= WHAT THE EXERCISE ASKS =
Give back an exact copy of the lines in the records below, from the line that has "Фото жидких обоев на стенах в спальне фото" through the line that has "Ein weiblicher Hirsch", and nothing besides.

= DATA FOR THIS EXERCISE =
**********
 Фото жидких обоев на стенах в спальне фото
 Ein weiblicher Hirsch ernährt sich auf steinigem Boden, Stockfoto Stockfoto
**********
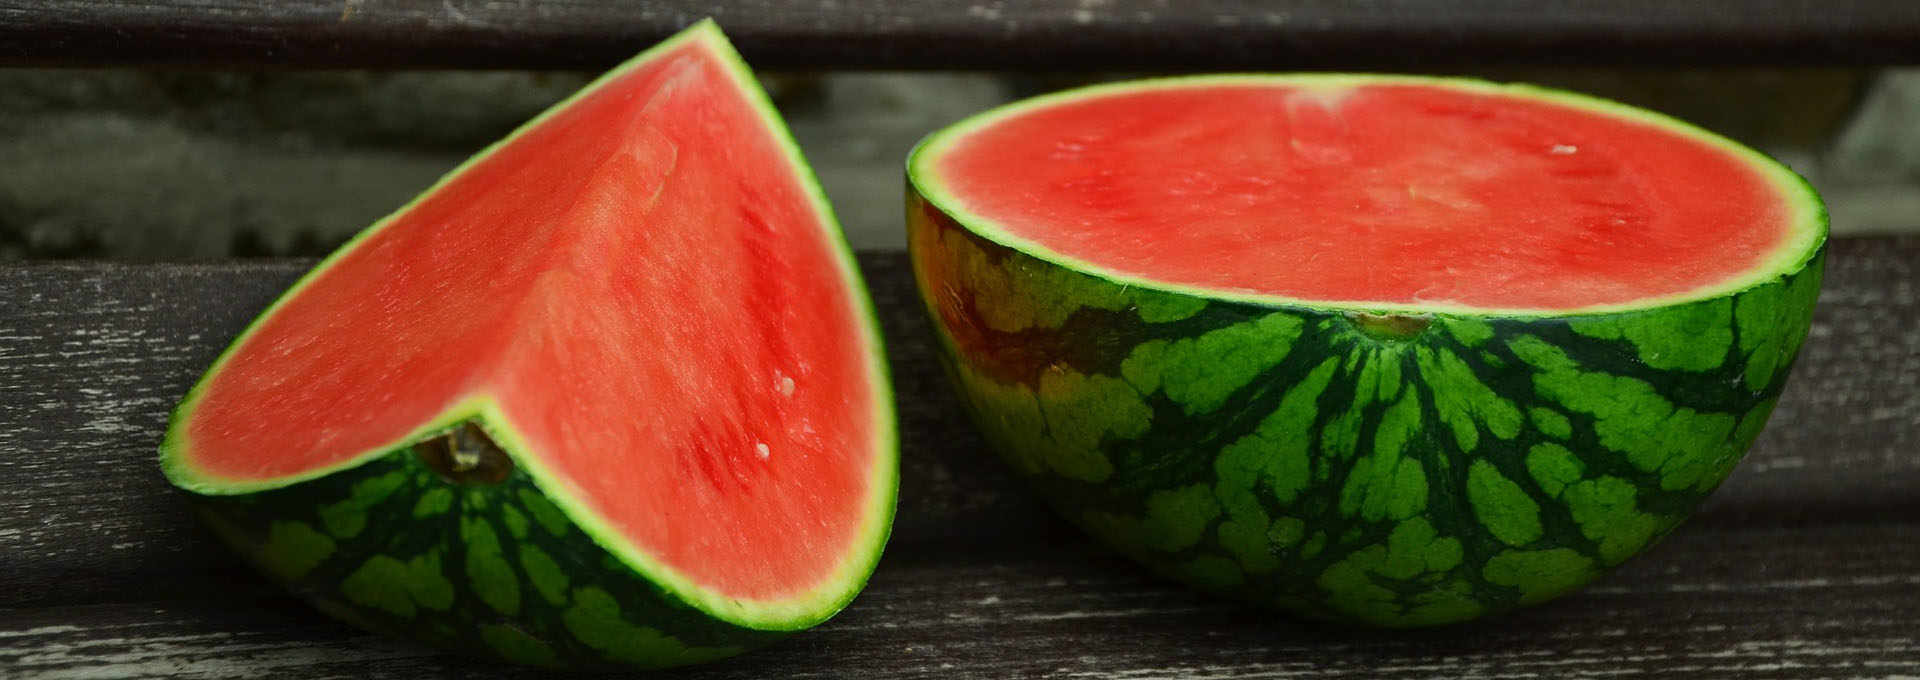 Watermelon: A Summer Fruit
**********
= EXPECTED ANSWER =
 Фото жидких обоев на стенах в спальне фото
 Ein weiblicher Hirsch ernährt sich auf steinigem Boden, Stockfoto Stockfoto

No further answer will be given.